Mean percentage of trials where subjects selected the risky option for Experiment 1 (solid line) and Experiment 2 (dotted line, low-valued food type): according to the value of the risky option (A) and the probability to win (B). Error bars indicate 95% confidence intervals.

https://doi.org/10.1371/journal.pone.0278150.g004

To investigate the impact of the experimental design on subject choices, we ran post-hoc tests (see S10 Table in S1 File) that showed that the level of risky choices was overall higher in Experiment 2 (mean of risky choices for all trials: 78% with a 95% CI: [66%; 90%]) than in Experiment 1 (mean of risky choices for all trials: 39% with a 95% CI: [32%; 47%]), and that the trend estimates for the value of the risky option were steeper in Experiment 1 (trend estimate: 0.1, SE: 0.01) than in Experiment 2 (trend estimate: 0.03, SE: 0.01), see S10 Table in S1 File.

Finally, we analysed the response times in both experiments to assess whether the higher levels of risk-proneness in Experiment 2 could be due to high impulsivity levels, as the risky reward was shown to the subjects before each trial in this design, which could have led subjects to pick the risky option.

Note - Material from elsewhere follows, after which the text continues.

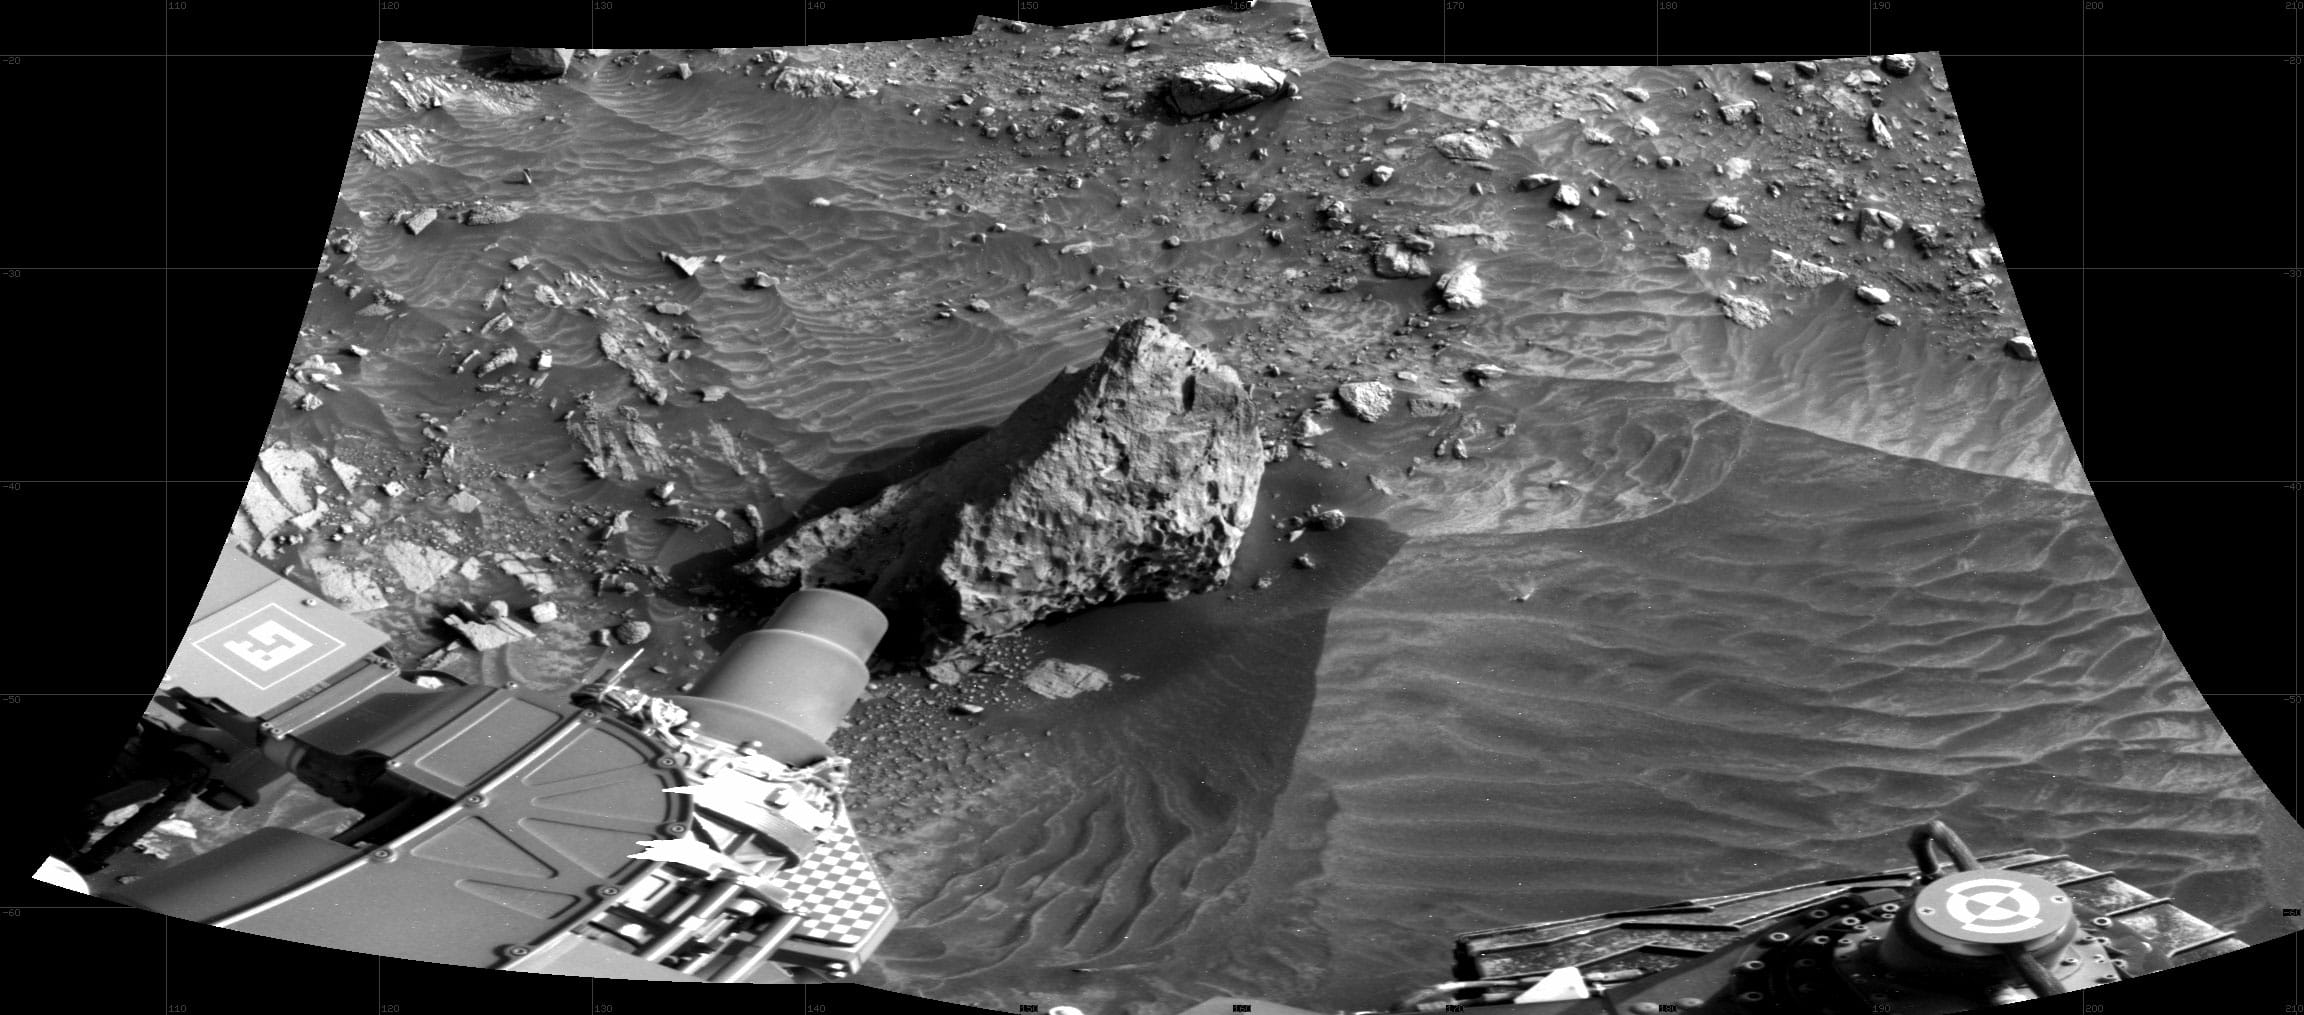 Curiosity took the images on April 26, 2024, Sol 4166 of the Mars Science Laboratory mission at drive 3182, site number 106. The local mean solar time for the image exposures was 3 PM.

We used response time as the response variable after a log-transformation and fitted a model with the same random structure as before, and with species, economic parameters, type of reward and experimental design as predictors. Our model was significantly different from the null model (LRT: χ2(7) = 75.58, p < .001), and showed that response times were longer in Experiment 2, and longer when the reward was of low-value (respectively χ2(1) = 72.99, p < .001 and χ2(1) = 8.09, p < .005), see S9 Fig in S1 File.

Discussion

We carried out a series of choice experiments in which captive gorillas and orang-utans were asked to choose between two options that differed in risk and reward. In two different experiments, subjects could either choose a safe option that always yielded a predetermined reward or choose a risky option, which could yield a higher reward or no reward at all. In the first experiment, the ’single cup’ design, the safe reward was reliably presented under a safe cup, whereas the risky reward was intermittently presented under a risky cup. Here, subjects had to learn from the feedback of previous trials the potential gain and its probability to be hidden under the risky cup. In the second experiment, the ’multiple cups’ design, the safe reward was again reliably presented under a safe cup, whereas the risky reward was always presented under one of several risky cups. Here, subjects had to understand the relationship between the number of risky cups and the probability to gain the reward if selecting a risky cup.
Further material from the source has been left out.